Not for lack of trying.


>> My goal is to have self contained working directories.  In addition,
>> I want to have chained self-contained working directories, which is
>> why the excellent "put scripts and eggs in the same place" solution
>> doesn't work for me (more below).
> 
> 
> You could generate a sitecustomize.py in a scripts+eggs directory, and 
> have it do:
> 
>     import site
>     site.addsitedir("this directory")
>     site.addsitedir("another directory")
> 
> etc.  This would basically chain the directories in a way that supports 
> .pth files.  Then just easy_install scripts and eggs to the single 
> target directory, including the target directory in --site-dirs so 
> easy_install knows it can use .pth files.
> 
> Presto - you're done.  Running a script would now suffice to set its 
> environment.  Note that anything it references via .pth files will be 
> *subordinate* to the same things in site-packages, but since you're 
> presumably controlling what Python install is used for this, and in any 
> case the scripts have require() used to bump up anything the script 
> directly requires, this shouldn't be a big issue.
 >
> Note that in this setup, sitecustomize.py is the only configuration file 
> you need, and you don't need any upgrades to setuptools as it exists 
> today to make this work.  Just slap sitecustomize in the same directory 
> with the scripts and eggs, and all is well.

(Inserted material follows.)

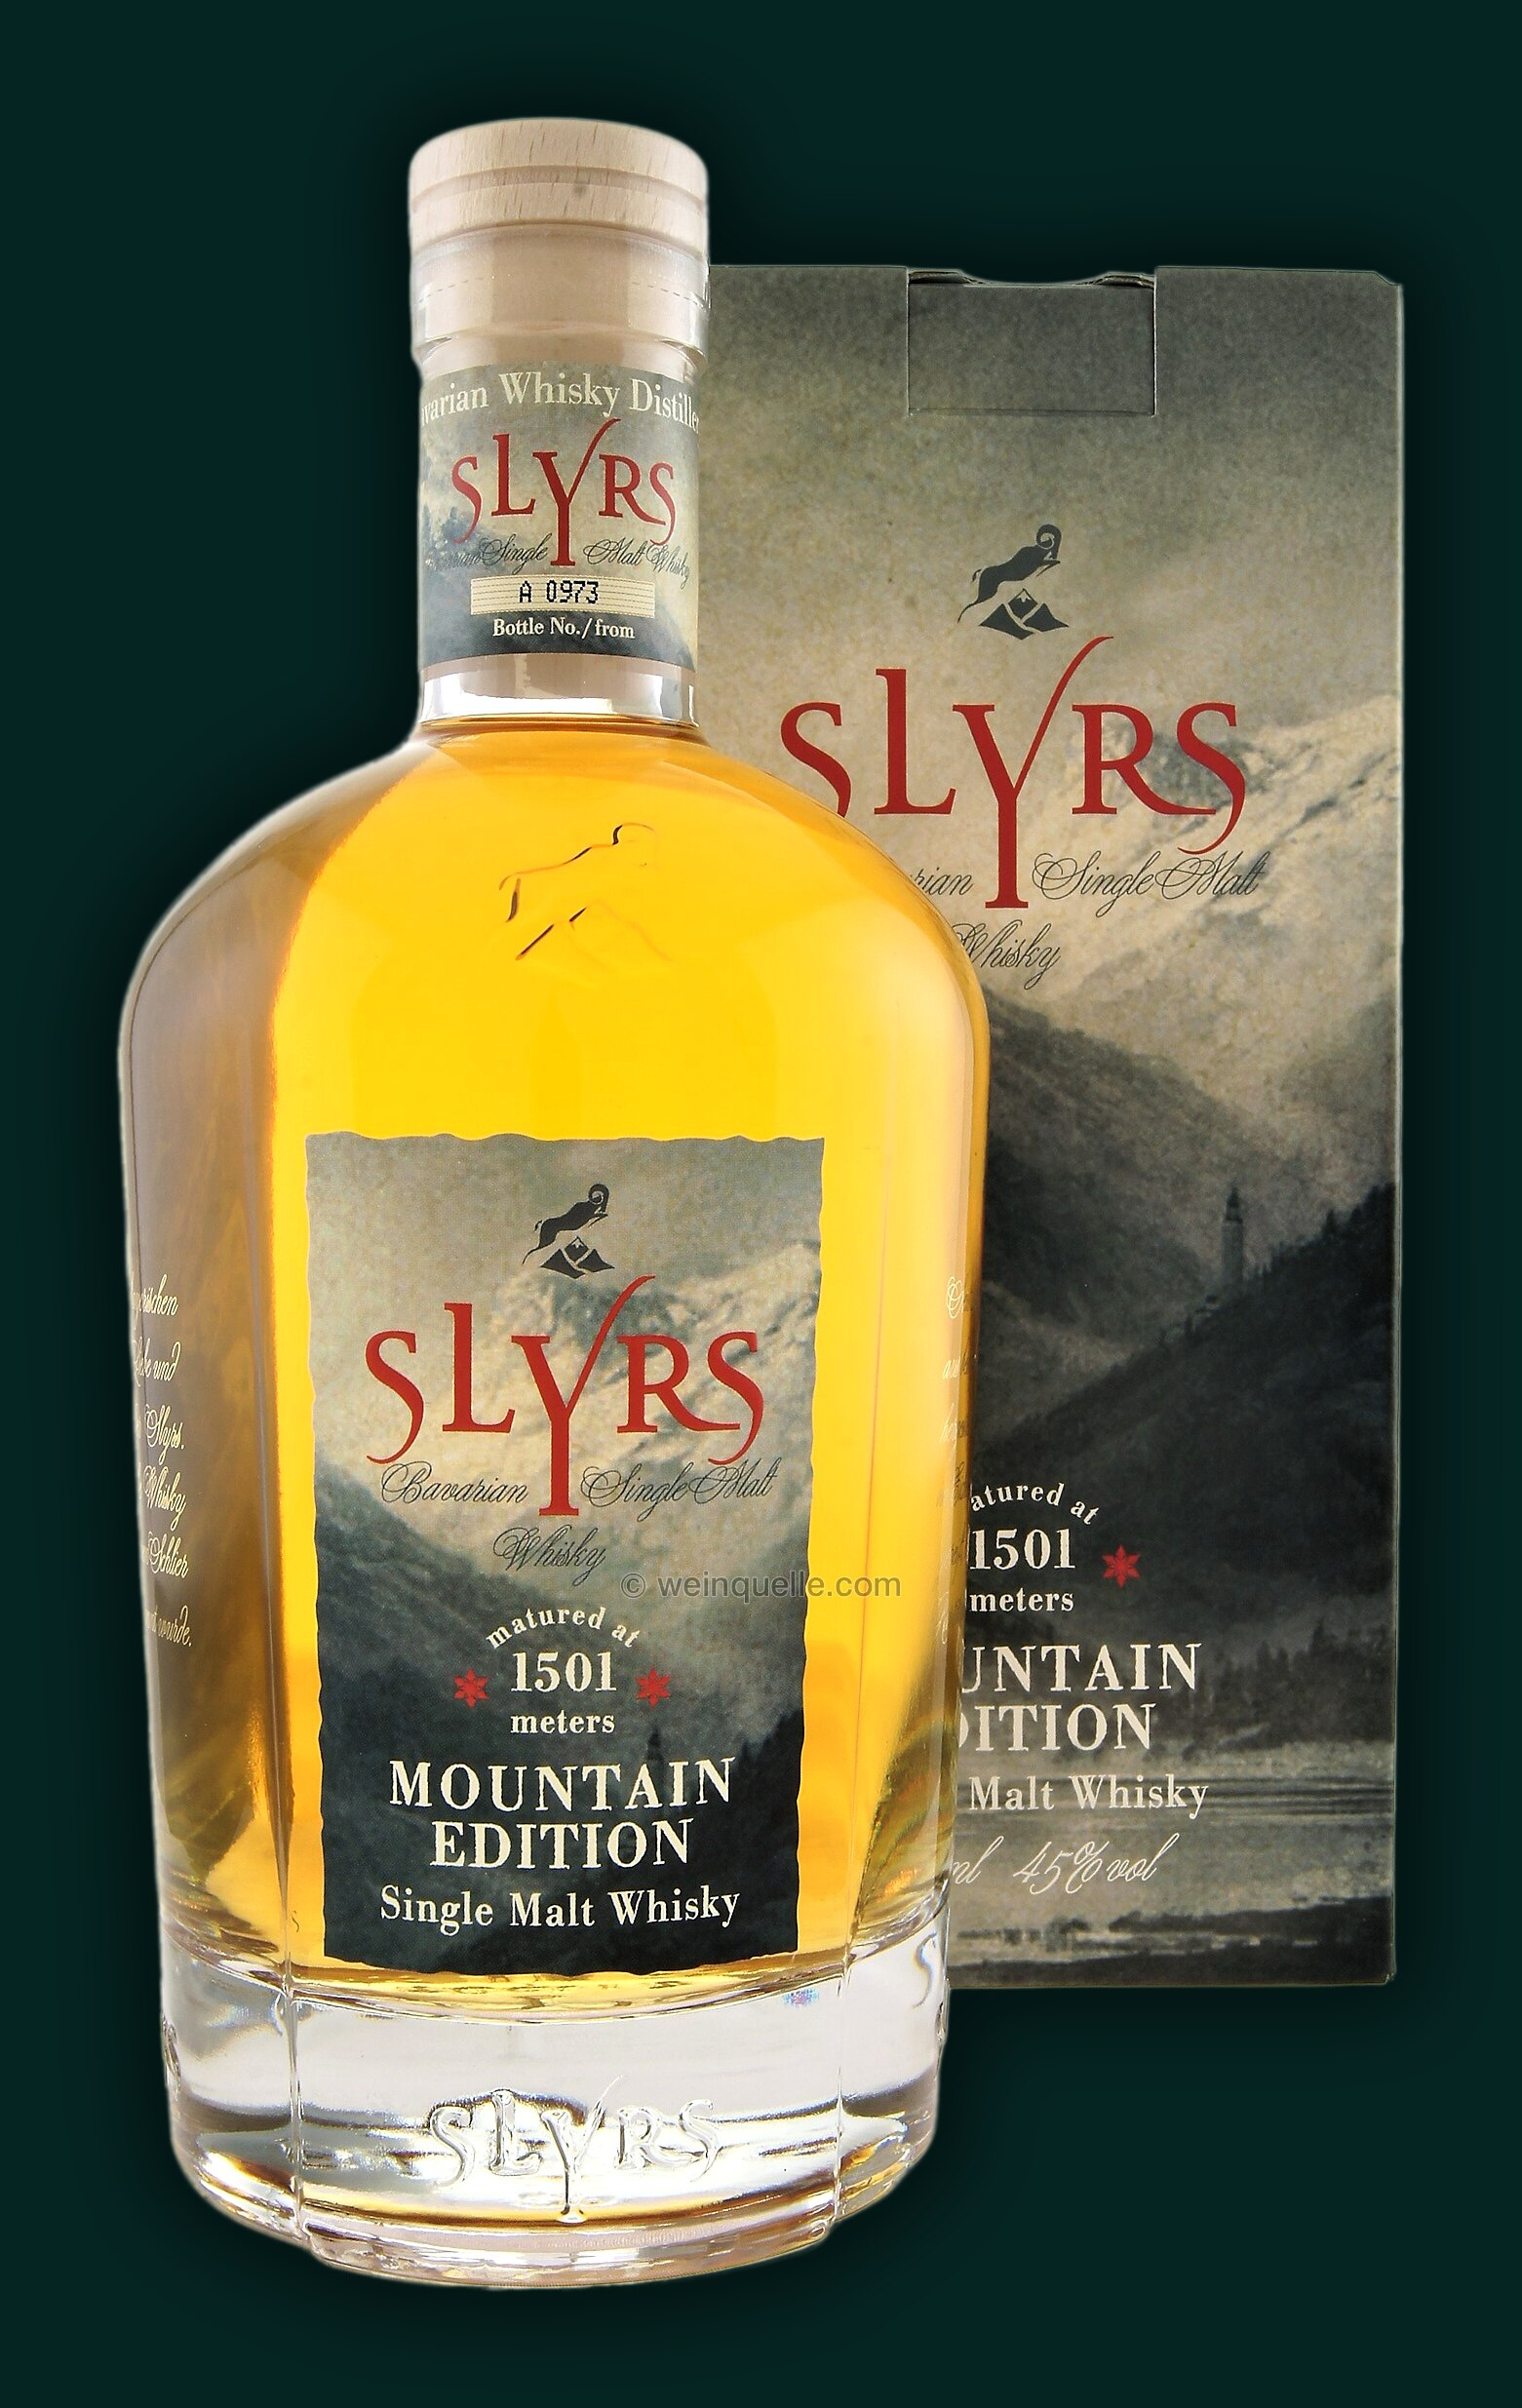 Slyrs Bavarian Single Malt Whisky Mountain Edition, 75,90

Why must eggs be in the same directory?  Since sitecustomize adds additional
directories, couldn't the eggs be there?

 > You can, if you wish,
> modify it to do other sys.path munging according to your needs.

Yup.


> Unfortunately, due to differences in path processing on Windows and 
> 'nix, the above procedure appears to only work correctly on Windows.  On 
> 'nix, the current dir and/or script dir aren't on sys.path soon enough.  
> *sigh*.

Dang.  You had be going there. :)

> Okay, I give up.  PYTHONPATH manipulation is the only thing that works.  
> After further experimenting, it seems the only consistent way to get 
> sitecustomize.py to work, on all versions and platforms, is to have it 
> on PYTHONPATH when Python starts execution.  In which case, you might as 
> well use the site.py hack and control everything with .pth files.
> 
> Now you've got me wondering if maybe I should always have easy_install 
> create script wrappers that set a fixed PYTHONPATH.  The main problem I 
> see with it is what happens when somebody deliberately sets a different 
> PYTHONPATH.  Do you append to it?  Prepend to it?  Ignore it? Should 
> PYTHONPATH munging be optional?  Mandatory?  Hrm.
> 
> Ignoring PYTHONPATH when running a script has security advantages, to be 
> certain.  Putting the fixed paths in front of the user-supplied ones is 
> almost as good.
> 
> This needs a lot more thought, though. 

Yup.  Thought is good.

 > Unfortunately, it's making me
> aware of some deficiencies in the existing script system, which doesn't 
> allow for e.g. running scripts with -O at the moment, let alone any 
> other options.  These are allowed in "traditional" distutils scripts, 
> but not entry-point based scripts, which have no place to specify these 
> things at the moment.  I'm probably going to have to add a way to 
> control these and other script-generation options at some point.

Yup.

Jim

-- 
Jim Fulton           mailto:jim at zope.com       Python Powered!